- _THE TASK_:
Nothing but the pictures may be dropped; the rest of the listing is to be written out exactly.

- _RECORDED INFORMATION_:
■ ■ ■ ■
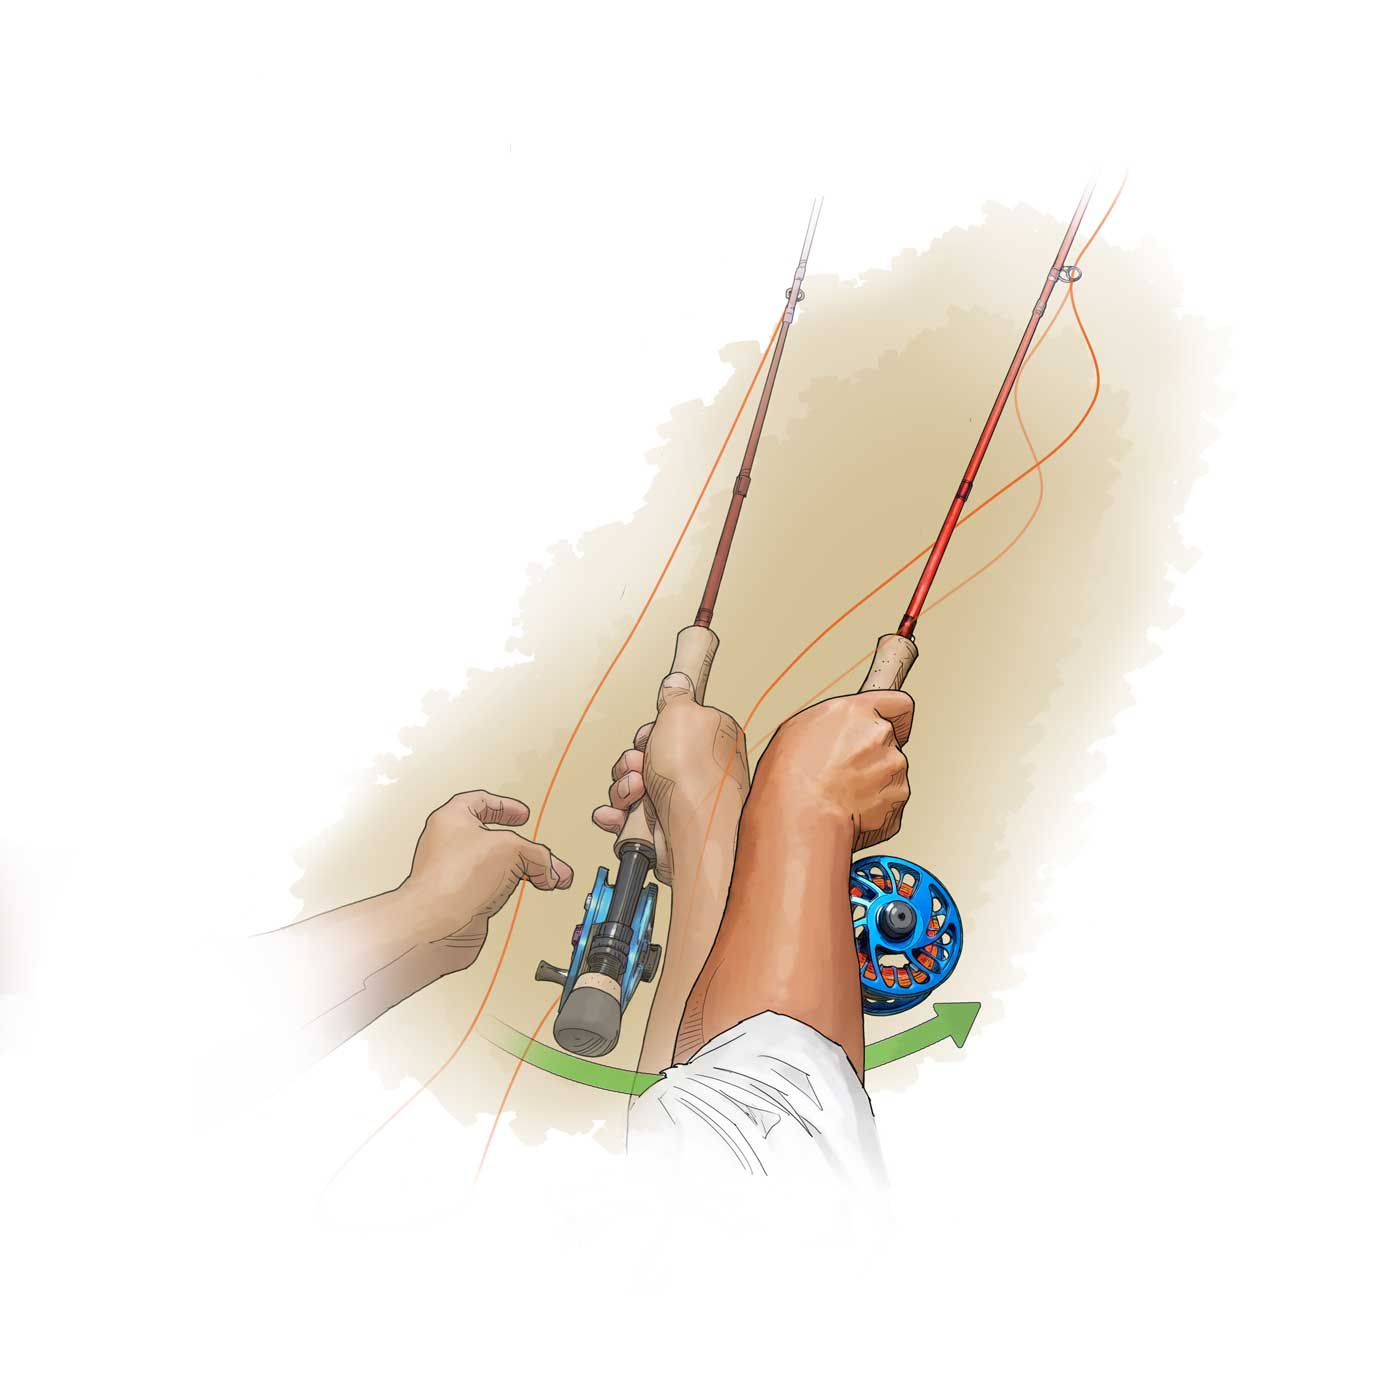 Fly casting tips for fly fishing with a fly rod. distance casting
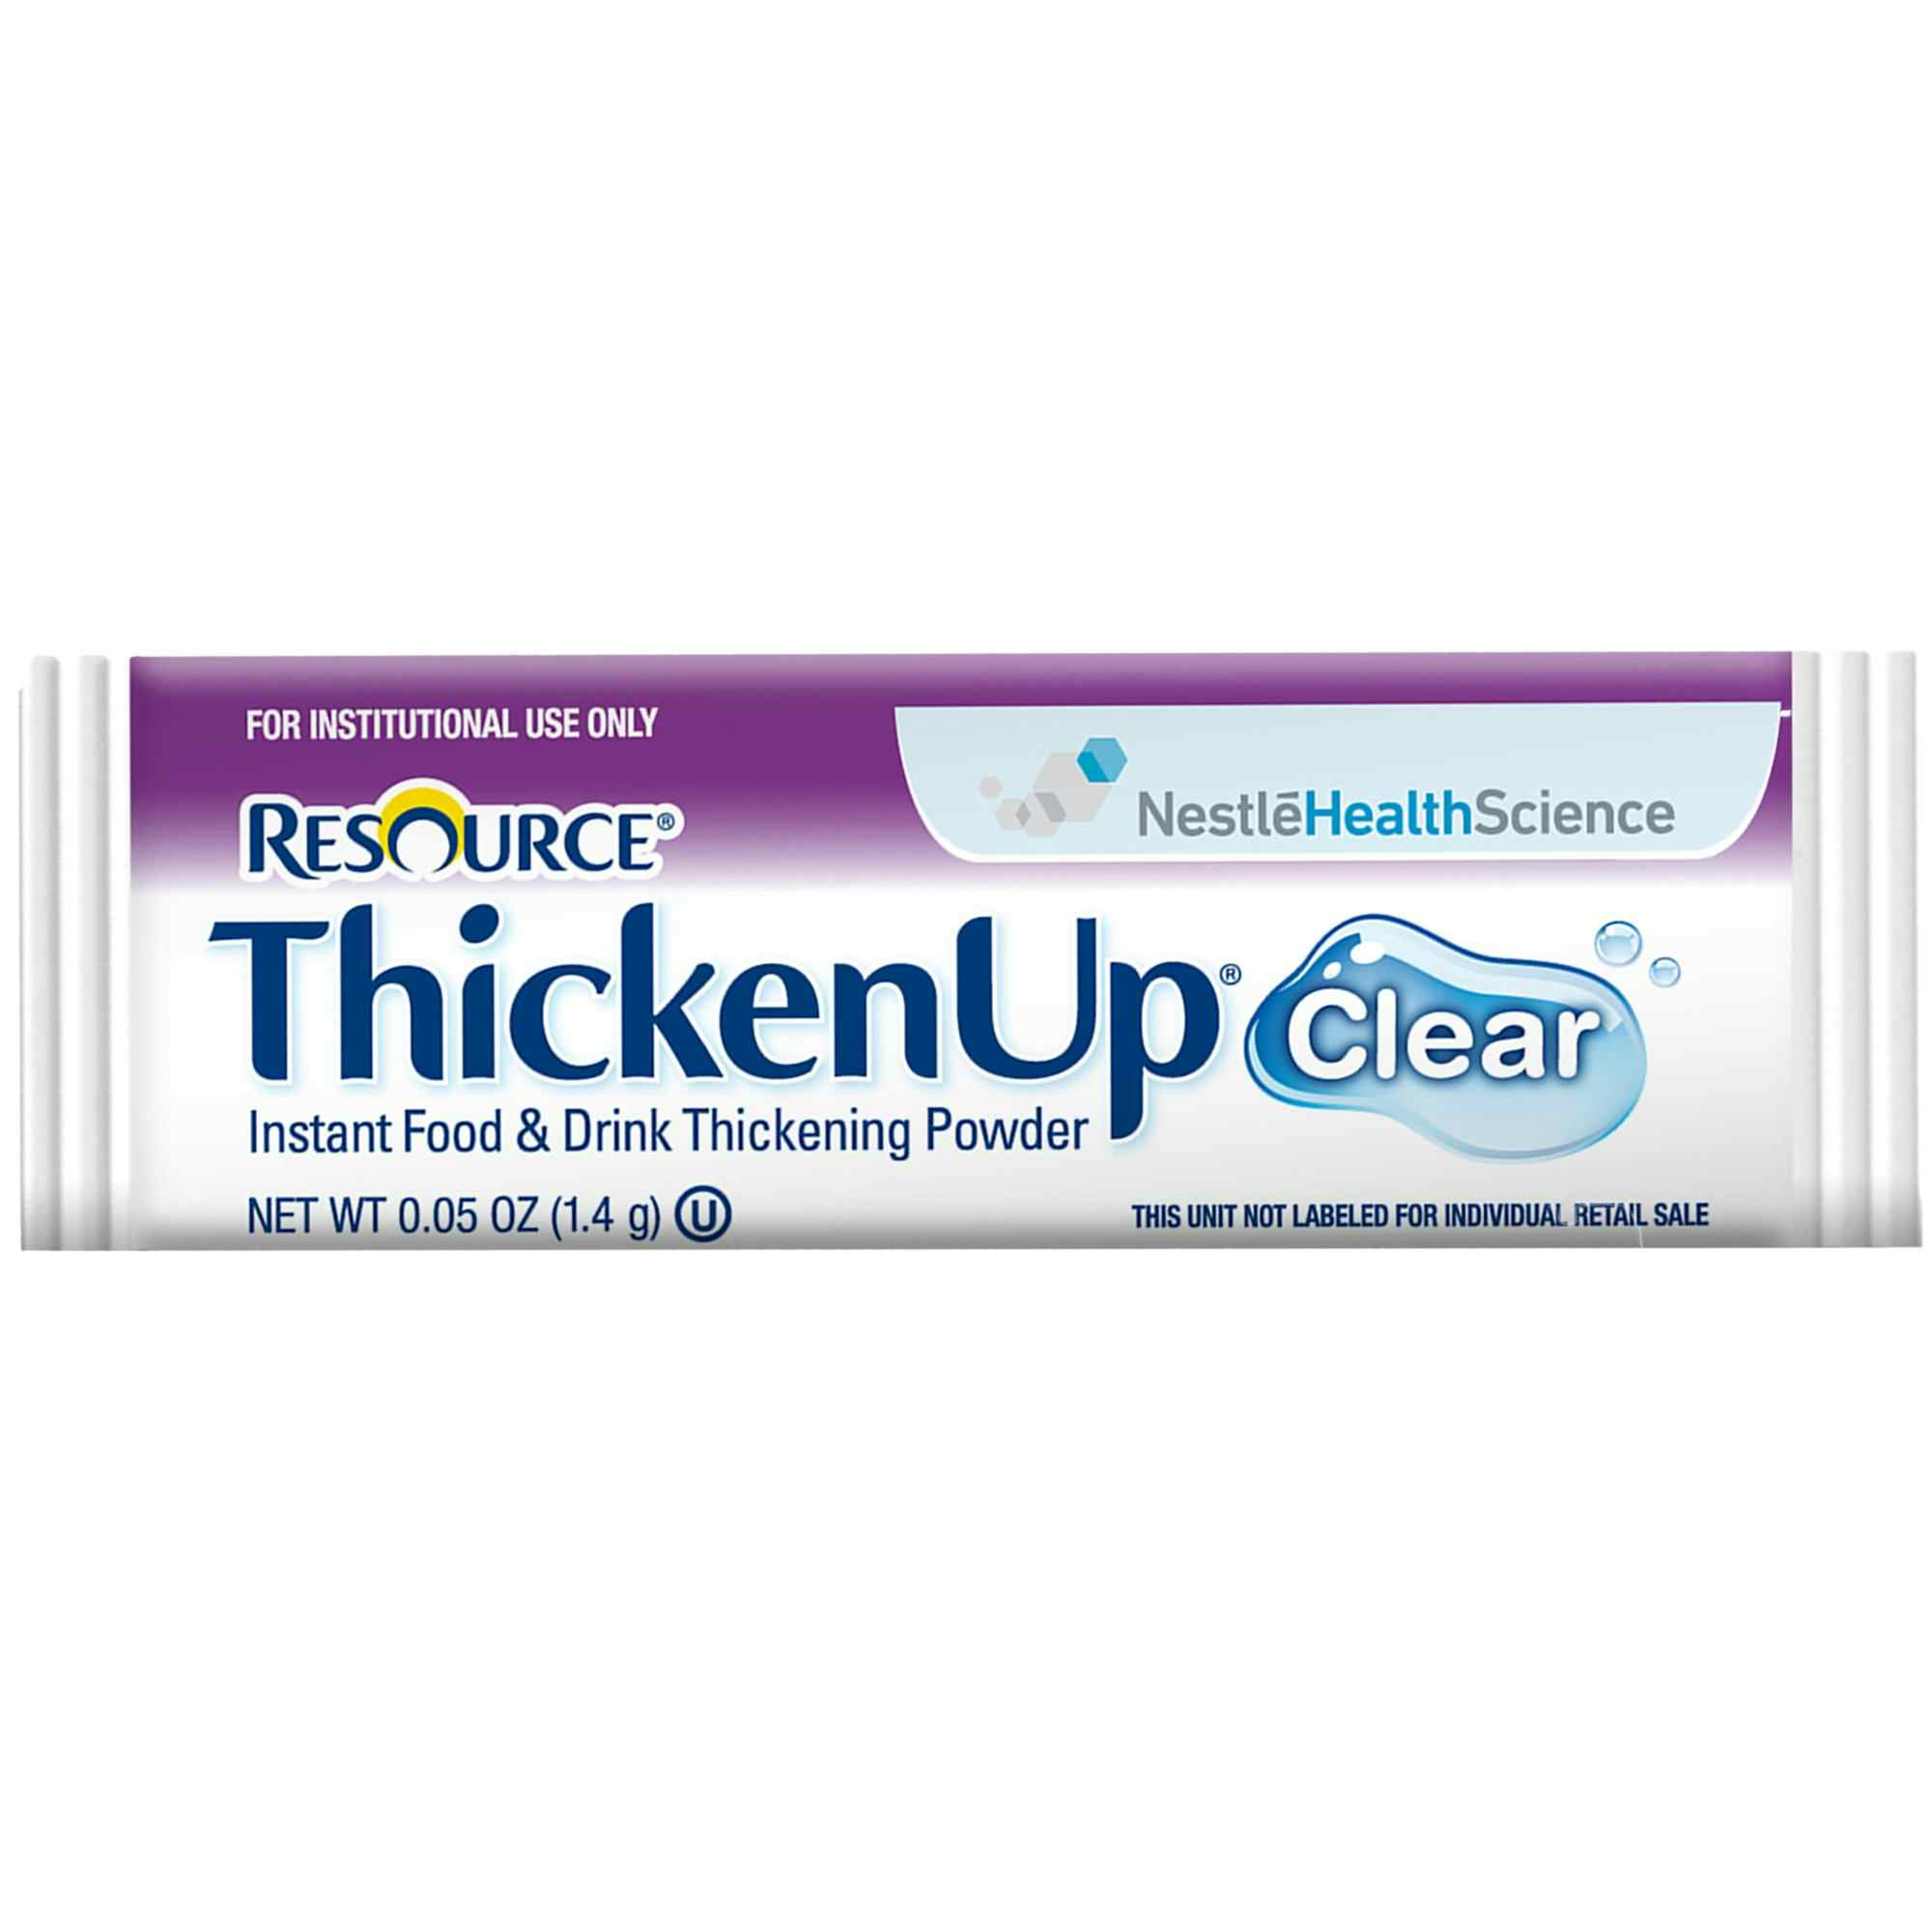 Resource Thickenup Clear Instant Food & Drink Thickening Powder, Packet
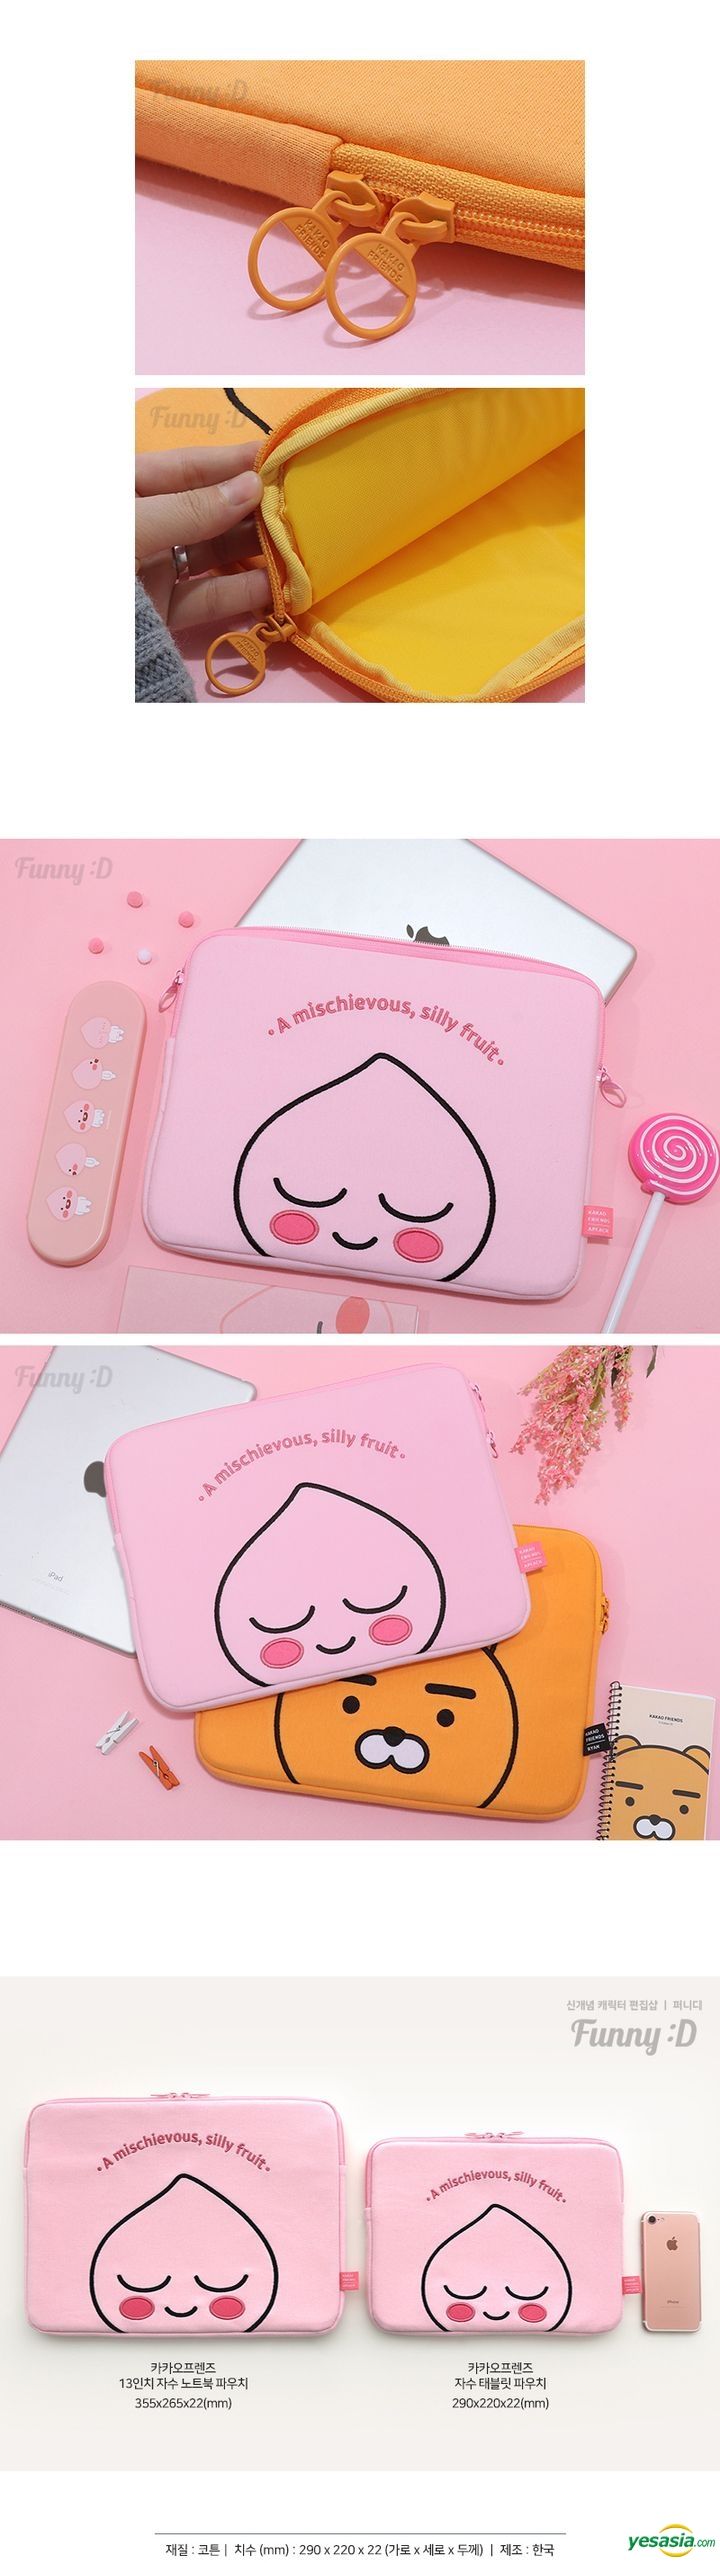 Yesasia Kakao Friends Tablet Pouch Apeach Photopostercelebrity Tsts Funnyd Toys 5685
■ ■ ■ ■
- _WRITTEN ANSWER_:
 Fly casting tips for fly fishing with a fly rod. distance casting
 Resource Thickenup Clear Instant Food & Drink Thickening Powder, Packet
 Yesasia Kakao Friends Tablet Pouch Apeach Photopostercelebrity Tsts Funnyd Toys 5685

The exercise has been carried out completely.